This study compared clinical features of children with and without PsPP in a cohort of patients with profound primary hypothyroidism. Although our study design precludes statements of causation, the older age and trend toward higher TSH and greater BA delay suggests that PsPP may result from prolonged exposure to markedly elevated circulating TSH levels in a dose-dependent manner. Our study likely underestimated differences in these measurements because we conservatively used a value of “X” when the TSH was above the limit of detection (reported as TSH >X), and sex steroids could have decreased the degree of BA delay in patients with PsPP at diagnosis. Alternatively, peripubertal aged children may have FSH receptors and/or a pubertal axis “primed” to respond to circulating TSH. PsPP appears to be underappreciated as pathologic by families and primary care providers as it can occur at a suitable CA for pubertal on-set but at a time that is inappropriate for the BA. For example, vaginal bleeding was interpreted as menarche in 4 of 6 girls despite classic features of hypothyroidism and severely delayed linear growth. This lack of recognition is likely to contribute to the delay in diagnosis.

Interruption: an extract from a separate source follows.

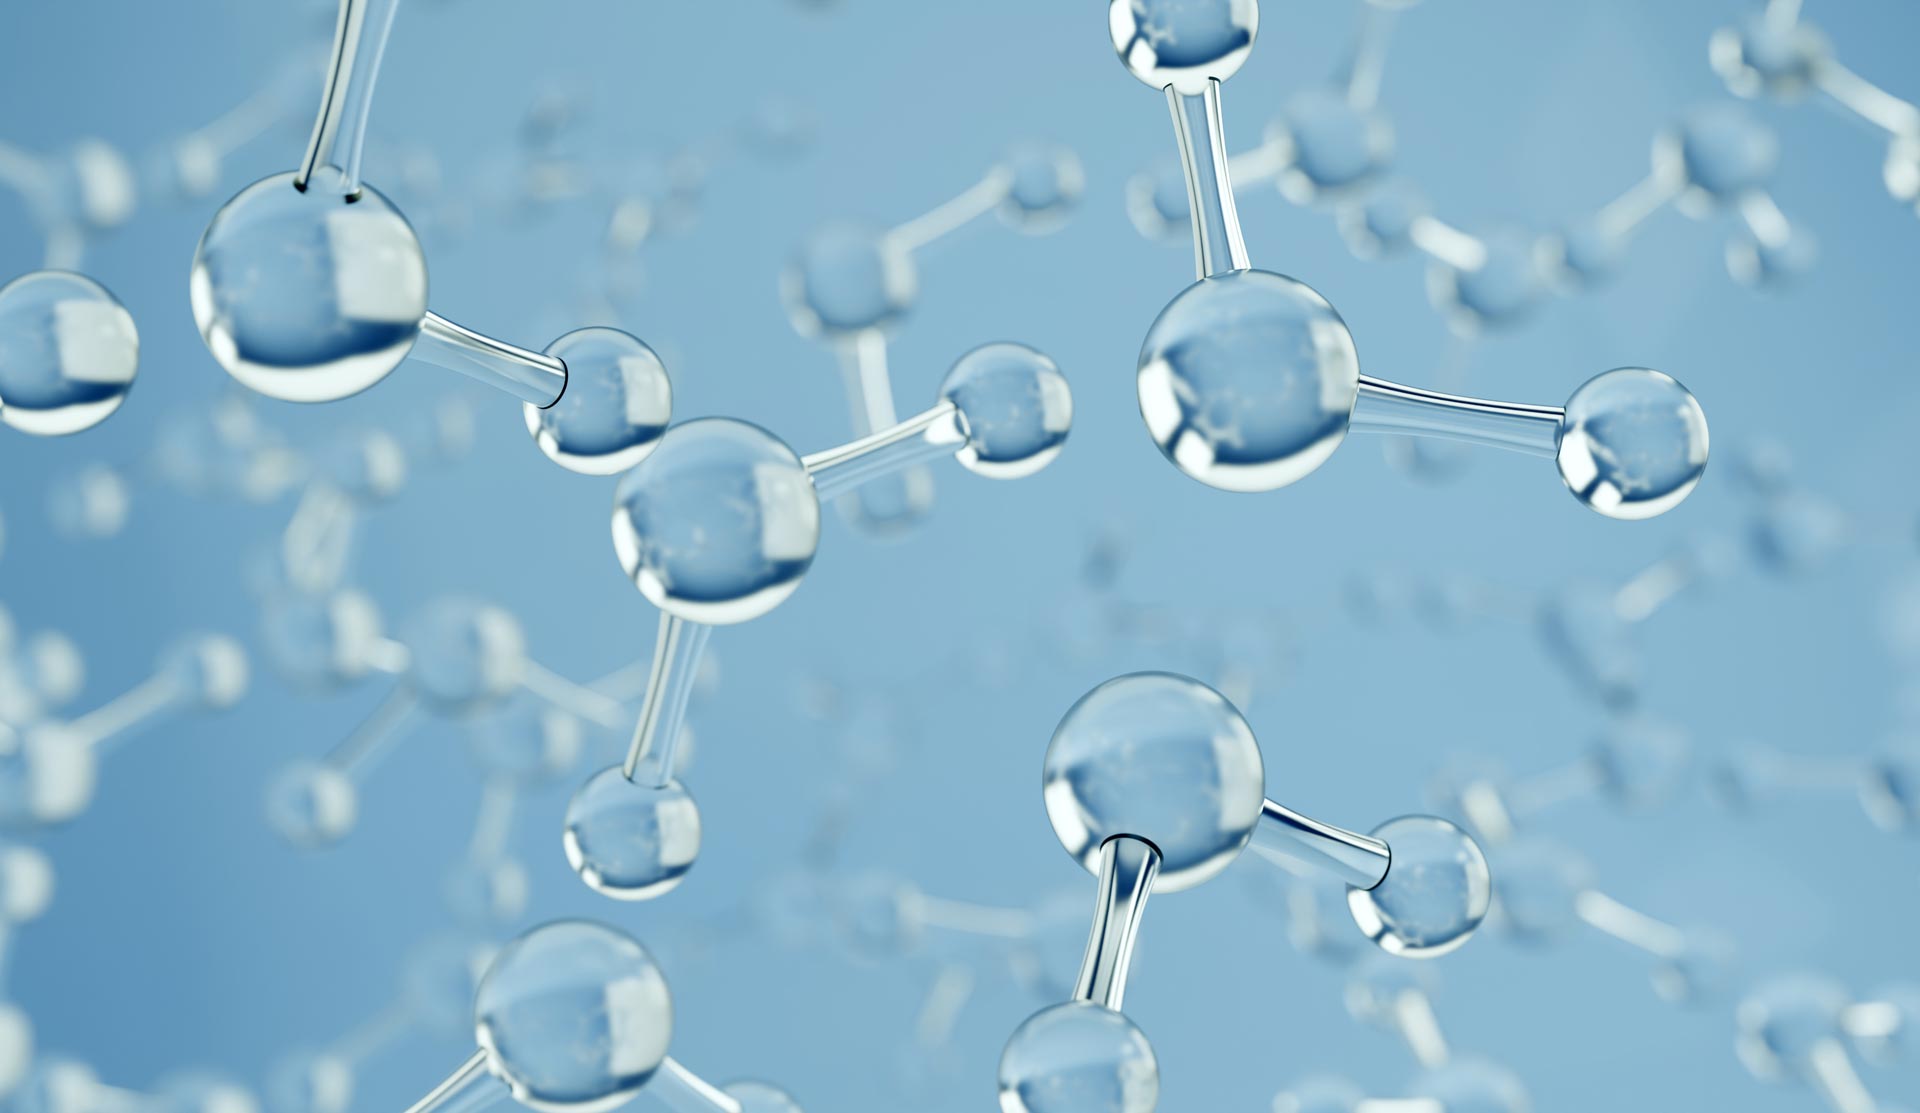 A collection of water molecules set on a blue background.

Although our study was not specifically geared toward height outcomes, it is notable that more than one-half of our patients with profound hypothyroidism with adult height data were greater than −2 SDs from their target height. This is similar to what has been previously reported and does not appear to be ameliorated by the addition of growth promoting therapies.9 Unfortunately, a marked acceleration in the rate of skeletal maturation invariably occurs following initiation of thyroid hormone in the setting of profound hypothyroidism. Longer term studies capturing adult height within this population should better elucidate growth outcomes and spark discussions of the role of pubertal suppression and/or growth hormone therapy to augment final height.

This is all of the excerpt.